Supporters of General Abdel Fattah al-Sisi gather in Cairo’s Tahrir Square after an announcement by Egypt’s electoral commission naming Sisi the country’s new president, June 3, 2014 © Ahmed Ismail/Anadolu Agency/Getty Images

Supporters of General Abdel Fattah al-Sisi gather in Cairo’s Tahrir Square after an announcement by Egypt’s electoral commission naming Sisi the country’s new president, June 3, 2014 © Ahmed Ismail/Anadolu Agency/Getty Images

During those strange, abbreviated days, the margins and marginalia of the local papers revealed a great deal about the state of the national psyche. There were, for example, an unusual number of ads for online courses in anger management. Notices for jobs in prosperous Gulf cities like Dubai, Doha, and Abu Dhabi. On the website of Al-Ahram, Egypt’s state-run newspaper, a message would pop up: “Learn the four signs of heart attack.” In October, an article in the same paper announced that a huge shipment of counterfeit Xanax had been successfully intercepted. There were runs on Xanax throughout the country. Antidepressants and painkillers also.

Egyptian antiquities were in a sorry state. King Tut’s sister had gone missing, a limestone figure of the princess from the fourteenth century b.c. swiped from a small museum in Upper Egypt by godless looters. In rural China, the entrepreneurs behind a new theme park had erected an exact replica of the Sphinx — same girth, same phantom nose — prompting Egypt’s minister of antiquities to angrily file a complaint with UNESCO. The tourists who had for decades flocked to Egypt for a sight of the actual Sphinx were no longer coming. In 2010, 361,000 Americans visited Egypt. In 2013 that number was, according to the minister of tourism, “closer to zero.” Egypt has lost 3,000 of its millionaires to emigration since the reign of Hosni Mubarak, the dictator ousted in February 2011 after thirty years in office. It has also been declared the worst place to live on earth for expatriates. Another poll — no relation to the former — concluded it was the worst Arab country for women. According to the country’s interior ministry, homicide rates have tripled since 2011. Abductions have risen fourfold, armed robberies by a factor of fourteen.

With Morsi locked up, an interim government was in place, and yet no one, including my taxi driver, could tell me the name of the new prime minister. Influxes of cash from the Saudis, the Kuwaitis, and the Emiratis — regimes with a history of animosity toward the Muslim Brotherhood — led the state press to spin tales about how life had magically improved in post-Morsi Egypt: gas-station lines were shorter, electricity was more reliable, the perennially crusty Nile was newly sparkly. Almost no one wanted to talk about what had happened over the summer. Conversations I had in the following weeks often ended in uncomfortable silence or a gentleman’s agreement not to talk about politics.

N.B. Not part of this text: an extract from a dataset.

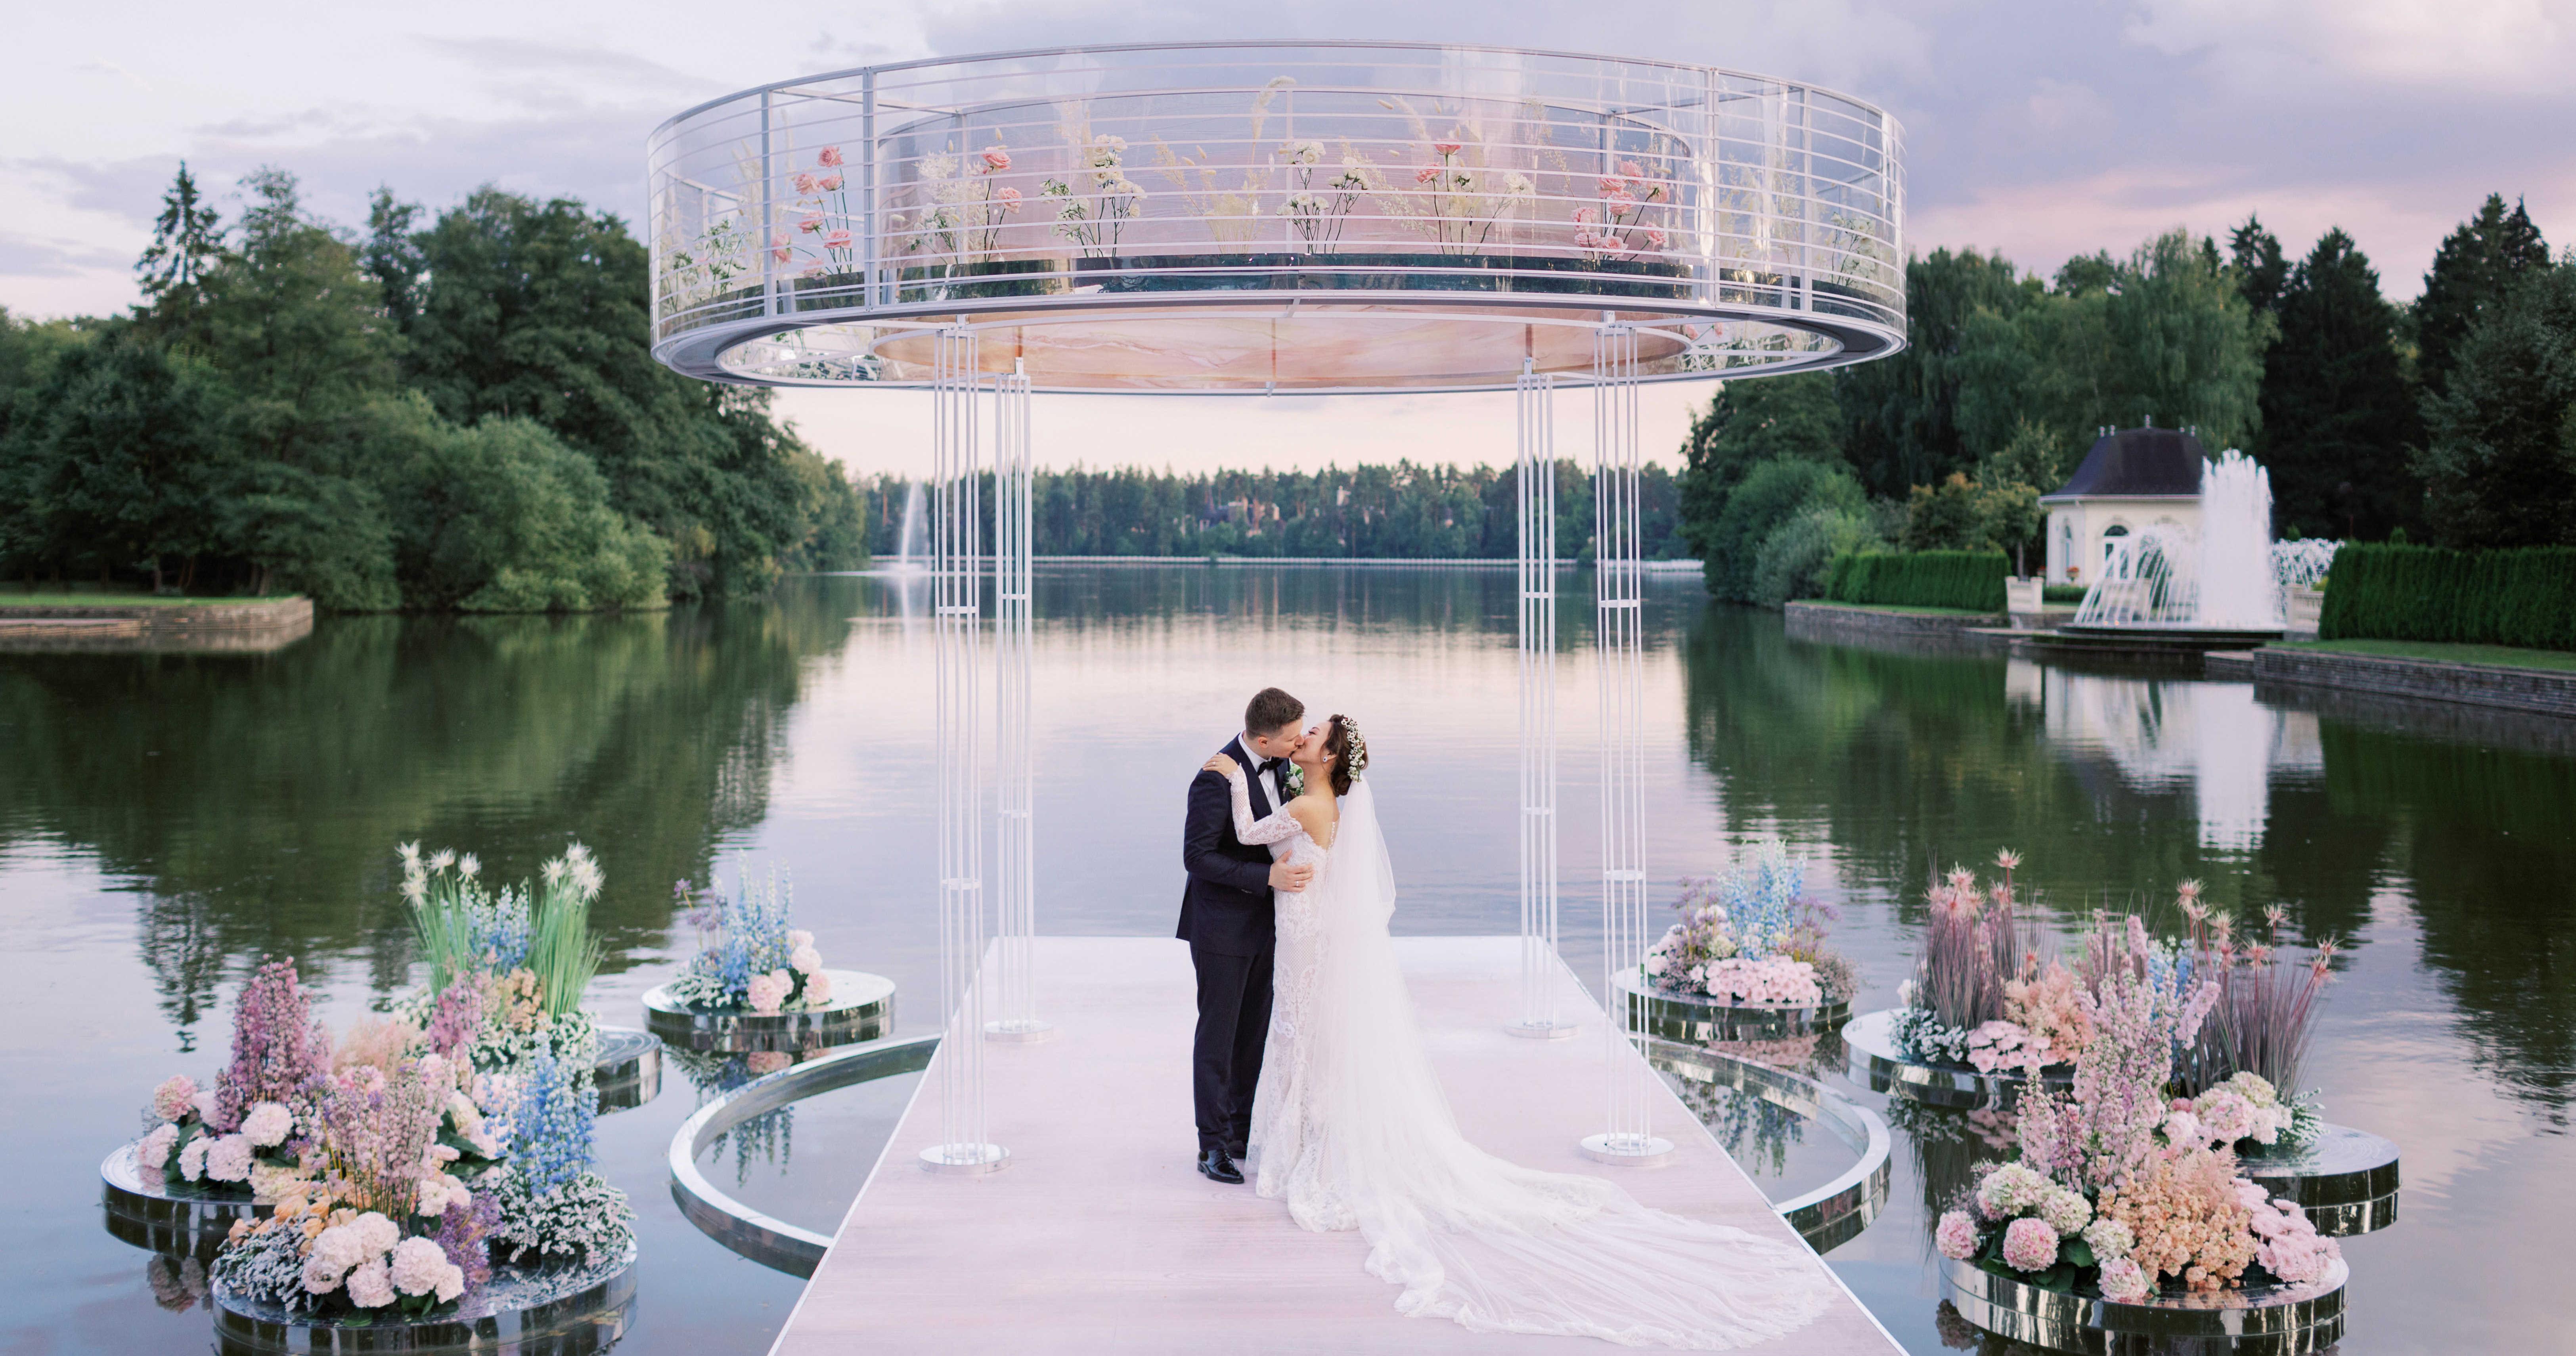 Свадебная церемония на воде в окружении цветов

Looking at this grim picture, one might begin to understand the spectacular rise of a man named Abdel Fattah al-Sisi, a career military officer and former minister of defense who, as Egypt’s new president, is perhaps best known for his ability to excite large numbers of women. And yet, Sisi has presided over a political change of surreal proportions: in three years, Egypt has swung from a poster-child revolutionary state to a polarized military dictatorship whose oppression surpasses even that of the Mubarak era. How did a happy story about an emerging democracy become a familiar one about grinding dictatorship — and dictatorship with the mandate of the people, no less?

If Tunisia is where the Arab Spring began, Egypt seems poised to become its burial ground.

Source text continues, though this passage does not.